“Az istenfáját!” Oh, the God’s tree!I mumbled under my breath, my attention zipping around, catching shouts from down the cave path. By the pitch, I knew they had discovered our hideout, the broken lock and muddy footprints on the stone floor. They would beeline this way, hoping we were still within reach.
The frame of the MTV dotted through the line of trees, only a dozen yards away from arriving here. We were trapped on both sides, and going down the hill meant heading right into enemy territory.
We needed a place to hide. Somewhere no one could find us.
Seizing Raven’s hand, I tugged her into the woods behind us. Navigating the steep, rough terrain, deep with untouched snow, felt like slogging through thick tar. “Come on!” I pulled Raven’s arm so hard I was practically dragging her, needing to get us safely away from view.
“Gaseste-i!” Find them!“Trebuie sa fie aproape.” They must be close. The order ricocheted off the canopy of trees, slamming right into my spine, and my nerves buzzed with terror. We were both too fatigued to run fast, to think as clearly as we needed to. Survival was our only goal.
Raven tripped and stumbled, trying to keep up with me. Desperation was bitter on my tongue, and adrenaline pumpedthrough my veins, moving my legs over the terrain, leading us away from peril.
“Where are we going?” Raven finally asked when we were far out of earshot, surrounded only by the sounds of birds and wood creaking under the weight of the snow.

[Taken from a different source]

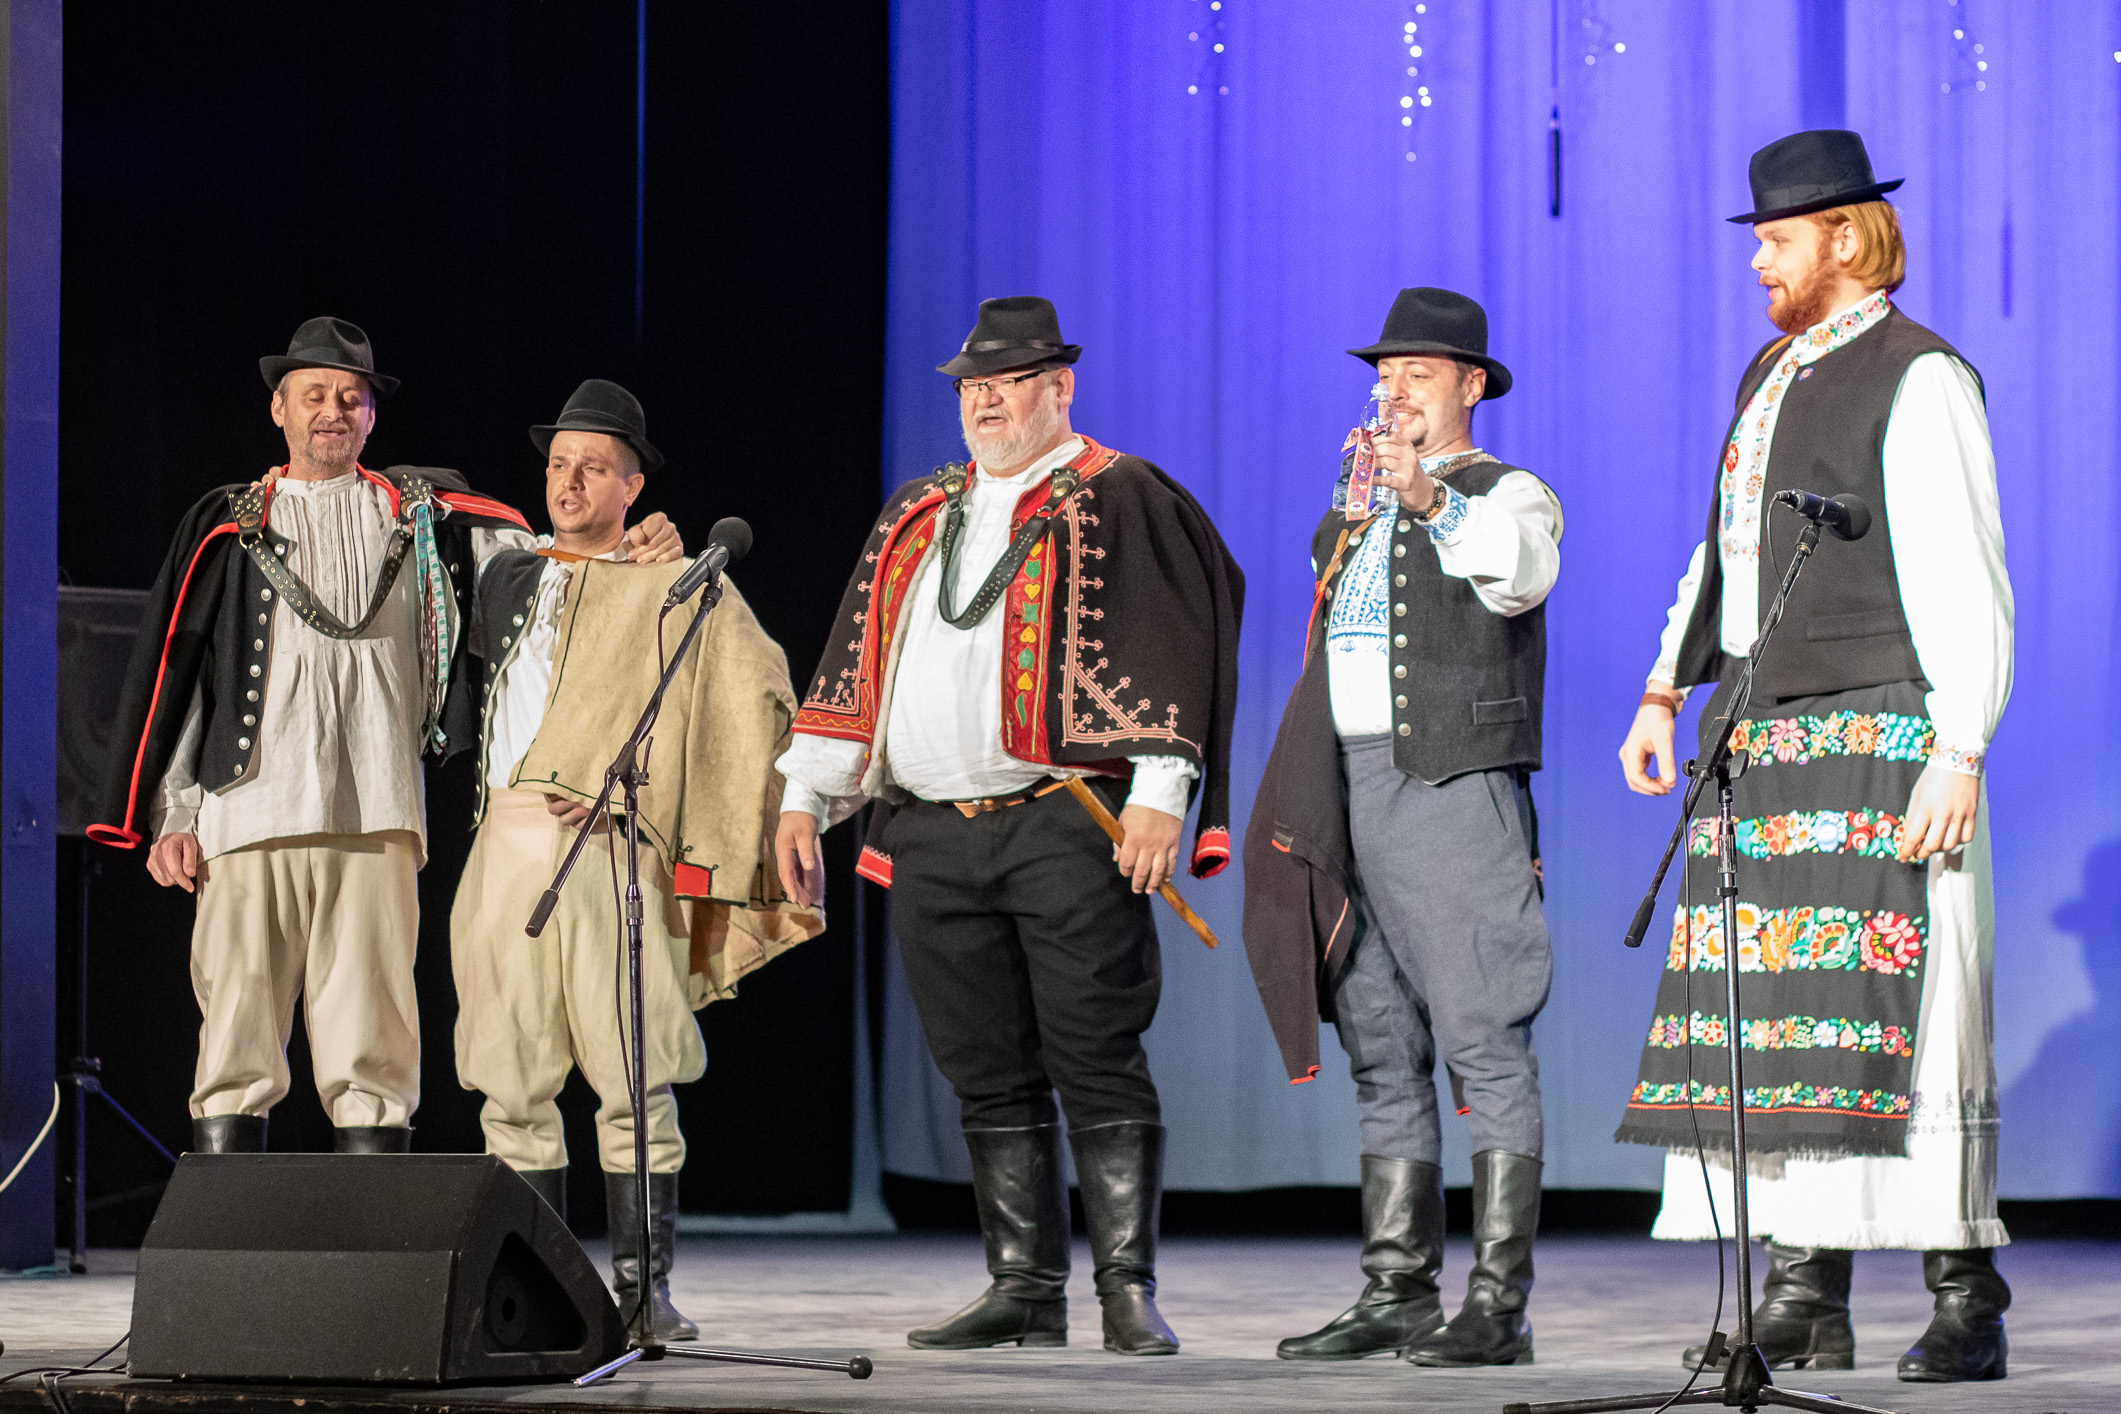 nadych-vianoc-zornicka-marina-33

“To the only place I know we’ll be safe.” I turned to look at her.
Raven’s eyes met mine, her throat swallowing as she nodded, lethargy already shaking her muscles. She understood the trek there would be difficult, treacherous, and bone-aching.
Her hand stayed clasped in mine and without the bracelet blocking her powers, blocking me, I realized for the first time how much I could feel her. Like the snow seeping into my clothes, she soaked into my system. Not her emotions or anything, but her presence. Even without her power and magic, I could feel her force. Her aura. The same as I felt the earth and the life around me.
Wildness under a royal mask.
The beast behind the woman.
Chapter 2
Raven
?
Sweat dripped down the back of my neck at the same time my body shook with cold and fatigue. My legs ached, each step getting harder to take while wrestling through the rugged terrain. The gluttonous clouds eagerly dropped more snow on us. The endless patter on my face and head never seemed to stop. Another thing tapping at an exposed nerve.
My whole body was raw and tender, my strength waning as we silently hiked over the mountains. The snow clung to my lashes, and I took in the back of Ash’s physique. His shoulders rolled forward, his body tense, trekking forward without pause.
He had barely looked at me. Not in the eyes, anyway. My throat tightened, tears pricking at the frozen ducts.
It was exactly what I feared. What I knew would happen. It was how most who learned what I was responded. Fear. Horror. Disgust. It was why my parents kept quiet about me and my brother after we were born. Only close family and personal royal guards knew what we were capable of.
The world, of course, knew my brother and I came from a dark dweller and a Druid, but most didn’t know my mother was a natural obscurer. ThatIcould inherit it from her. Be all the “evil” parts of my parents’ union.
My brother was far luckier.
Fear rose when my brother and I were born. Rumors swirled about what my parents could produce, but as the years went by and we grew, the talk died away. It was purposeful. An image we had to maintain. Little did they know the very thing they were so afraid of was even worse than they thought. Or at least for me.
My brother, Rook, was the perfect one. I was the problem.
“Just over that range.” Ash flicked his chin at the mountains ahead of us, his attention gliding over me clinically, no emotion escaping him. When he held my hand, I swear I could feel him, the blood in his system, the beat of his heart, his aura giving me strength.
Now he let nothing show, while I felt exposed and thin as parchment.
I nodded, my fingers searching for the cuff like a security blanket. To despise and miss something equally left me more unsettled in my body. Like a convict who escaped jail but realized they enjoyed the security of the cage.
My powers were empty, a side effect of my glitch, but I still wanted to run back to the protected pen of my cuff, scared of what I could do. It had been almost a year since I put it on, the spelled metal containing my magic, and I had grown accustomed to it. To being without my powers.
Part of me had wanted it off, to feel the wildness roar back in, to be free. The other wished I had walked away from the cave, telling Ash the truth.
I might be half of myself, but nobody would die.
The taste of the man’s blood still coated my tongue, the sound of my teeth tearing into his flesh echoing in my ears. Maybe it horrified me, but the beast enjoyed it, and the obscurer craved it. Natural obscurers were banished for a reason among Druids. We weren’t the healers and protectors; we were the killers and the darkness. We were born of black magic and went against everything of the Druids’ white magic.